The key numbers are x = 0 and x = ± 1.

So, lets plug each critical point in f " (x) = 24x² - 8.

If x = - 1 then f " (- 1) = 24(- 1)² - 8 = 24 - 8 = 16 > 0 (positive), therefore local minimum point.

If x = 0 then f " (0) = 24(0)² - 8 = - 8 < 0 (negative), therefore local maximum point.

If x = 1 then f " (1) = 24(1)² - 8 = 24 - 8 = 16 > 0 (positive), therefore local minimum point.

To find the f(x) to each x for local max and local min plugging those values in the original function.

If x = - 1 then, f(- 1) = 2(- 1)⁴ - 4(- 1)² + 6 = 2 - 4 + 6 = 4.

If x = 0 then, f(0) = 2(0)⁴ - 4(0)² + 6 = 6.

If x = 1 then, f(1) = 2(1)⁴ - 4(1)² + 6 = 2 - 4 + 6 = 4.

The relative maximum point is (0, 6) and the relative minimum points are (- 1, 4) and (1, 4).

 

TEST FOR CONCAVITY :

If f " (x) > 0 (Positive) for all x in (a, b), then f(x) is concave upward on (a, b).

If f " (x) < 0 (Negative) for all x in (a, b), then f(x) is concave downward on (a, b).

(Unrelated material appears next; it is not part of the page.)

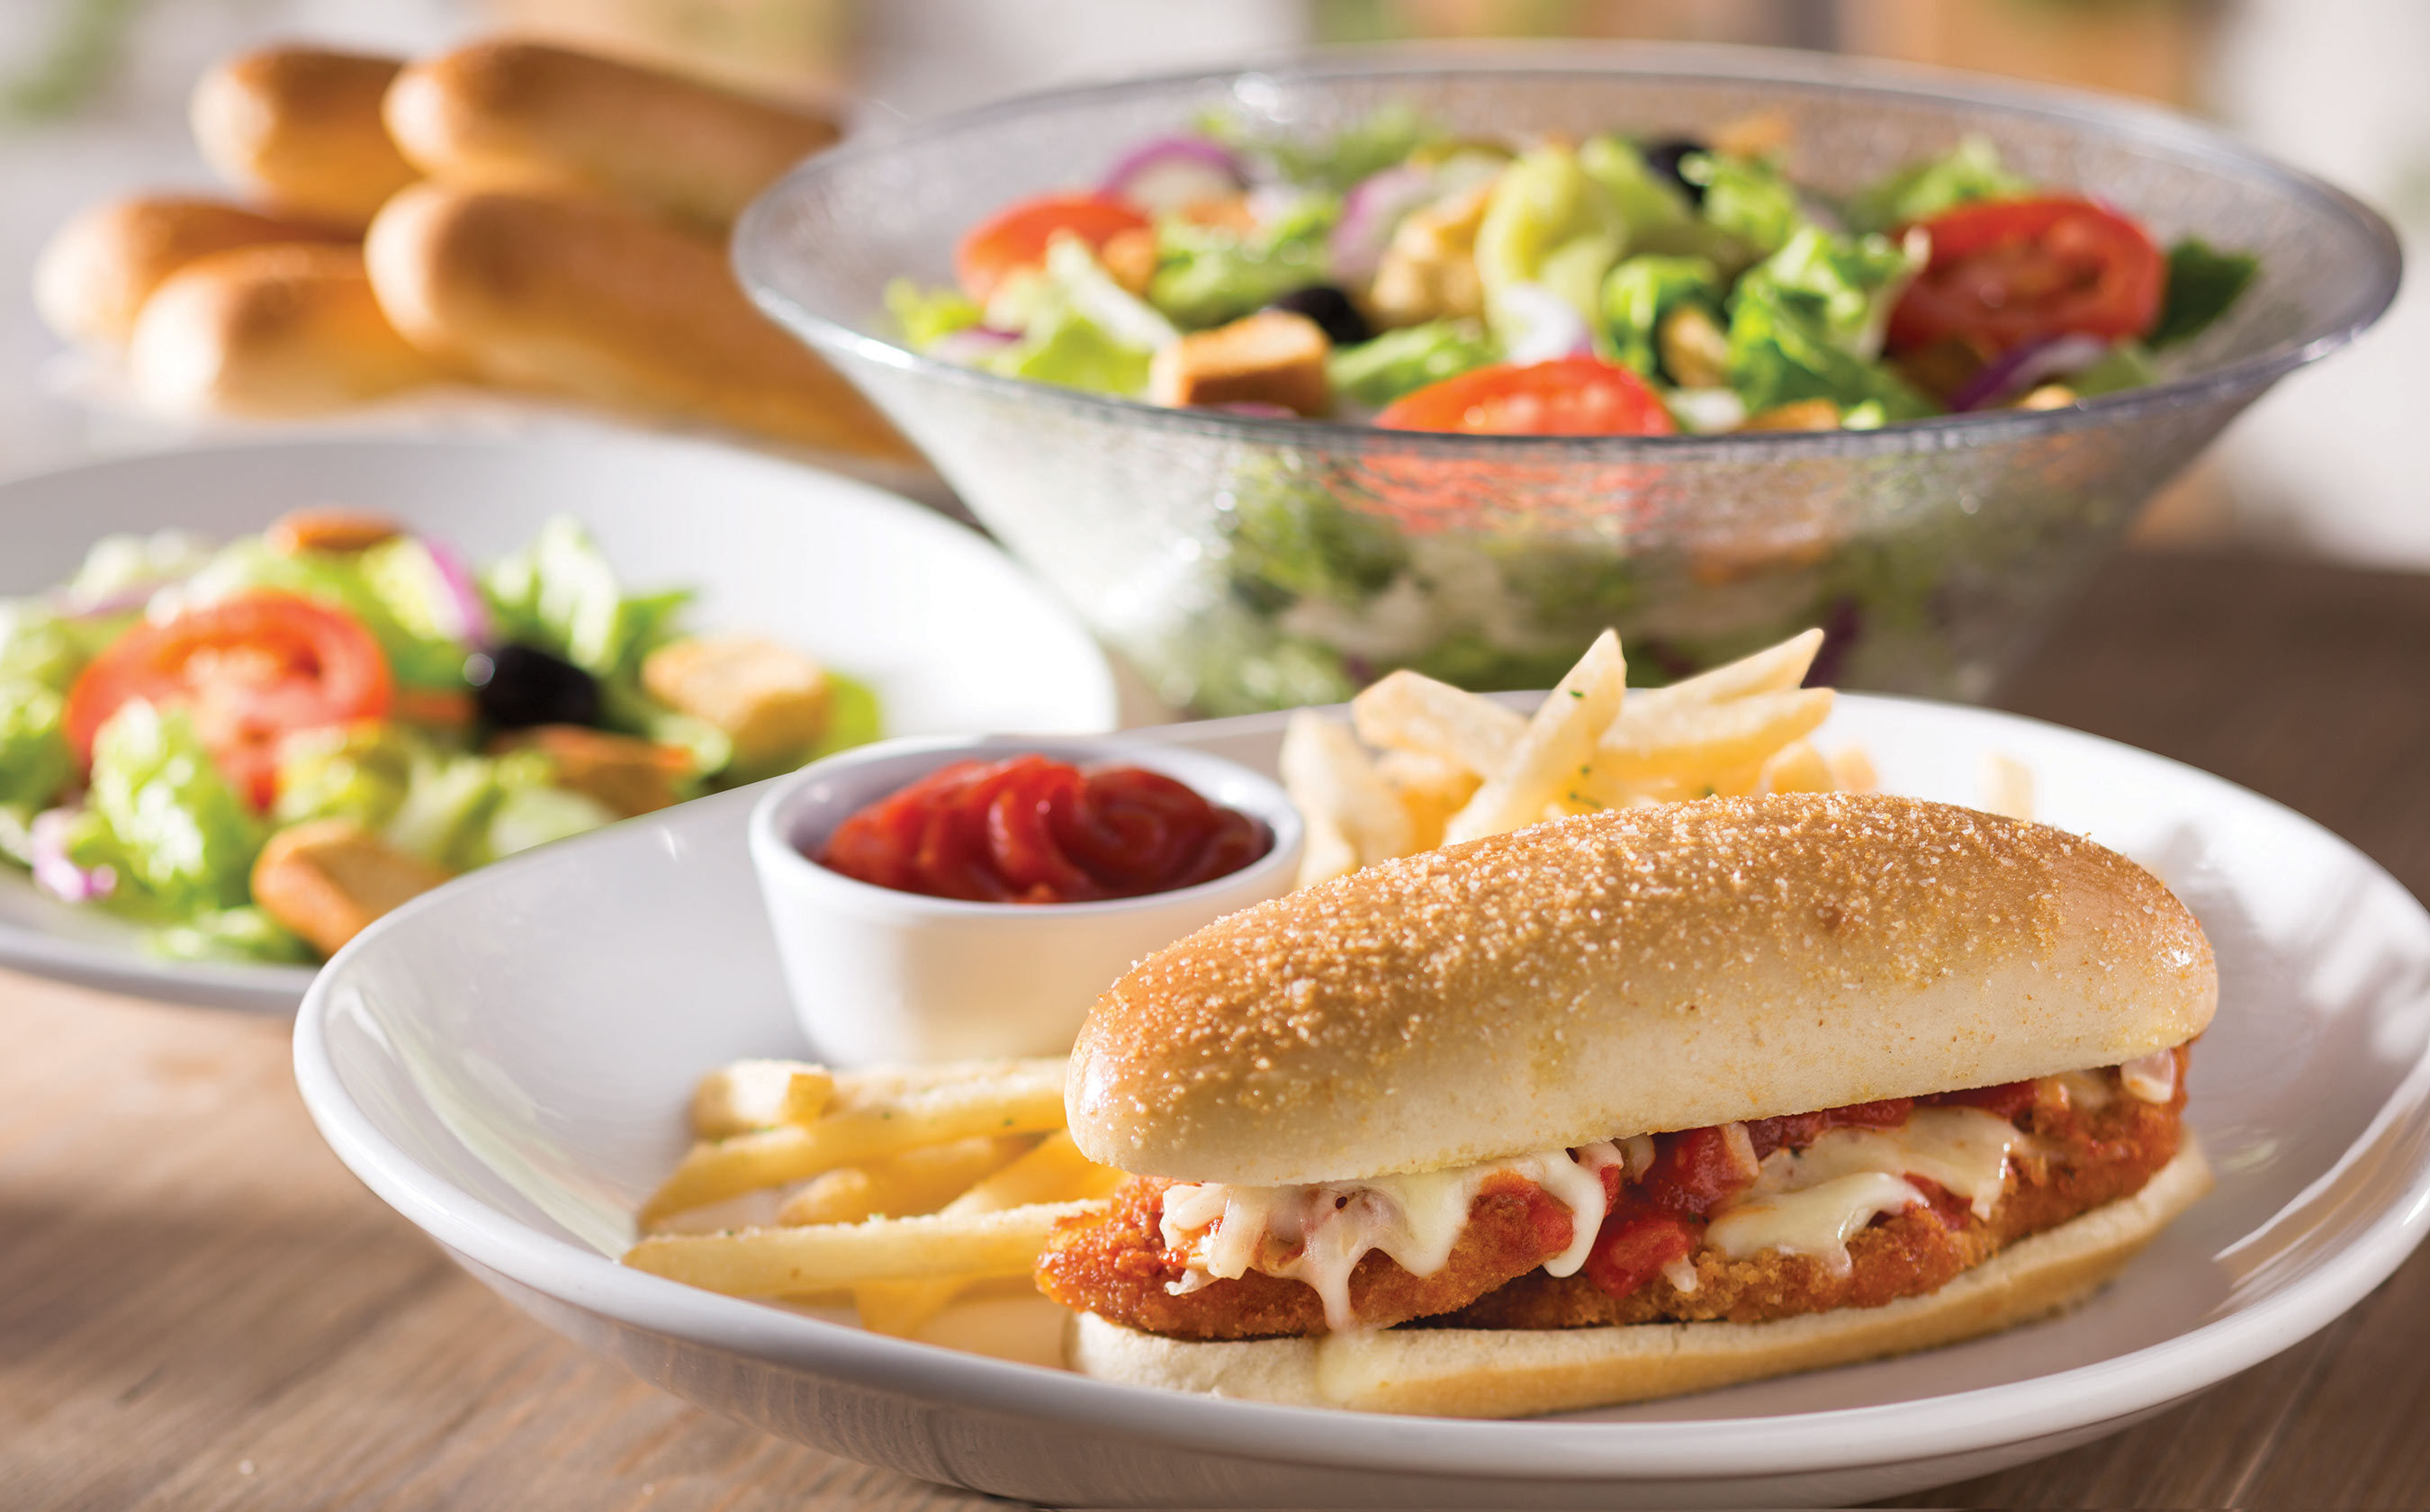 Olive Garden Breadstick Sandwiches Make Their Menu Debut

To find the Concavity, locate the x - values at which f " (x) = 0 or f " (x) does not exist.

f " (x) = 24x² - 8 = 0 ⟹ 24x² = 8 ⟹ x² = 1/3 ⟹ x = ± 1/√3.

Test intervals         x - Value                Polynomial or f " (x) value                   Conclusion

(- ∞, - 1/√3)            x = - 1            24(- 1)² - 8 = 24 - 8 = 16 > 0                Concave upward

(- 1/√3, 1/√3)          x = 0                   24(0)² - 8 = - 8 < 0                         Concave downward

(1/√3, ∞)                x = 1              24(1)² - 8 = 24 - 8 = 16 > 0                  Concave upward.

 

Points of Inflection : If (c, f(c)) is a point of inflection of the graph of f(x), then either f " (c) = 0 or f " (x) does not exist.

f " (x) = 24x² - 8 = 0 ⟹ 24x² = 8 ⟹ x² = 1/3 ⟹ x = ± 1/√3.

If x = - 1/√3 then, f(- 1/√3) = 2(- 1/√3)⁴ - 4(- 1/√3)² + 6 = 2/9 - 4/3 + 6 = (2 - 12 + 54)/9 = 44/9.

If x = 1/√3 then, f(1/√3) = 2(1/√3)⁴ - 4(1/√3)² + 6 = 2/9 - 4/3 + 6 = (2 - 12 + 54)/9 = 44/9.

The Inflection points are (- 1/√3, 44/9) and (1/√3, 44/9).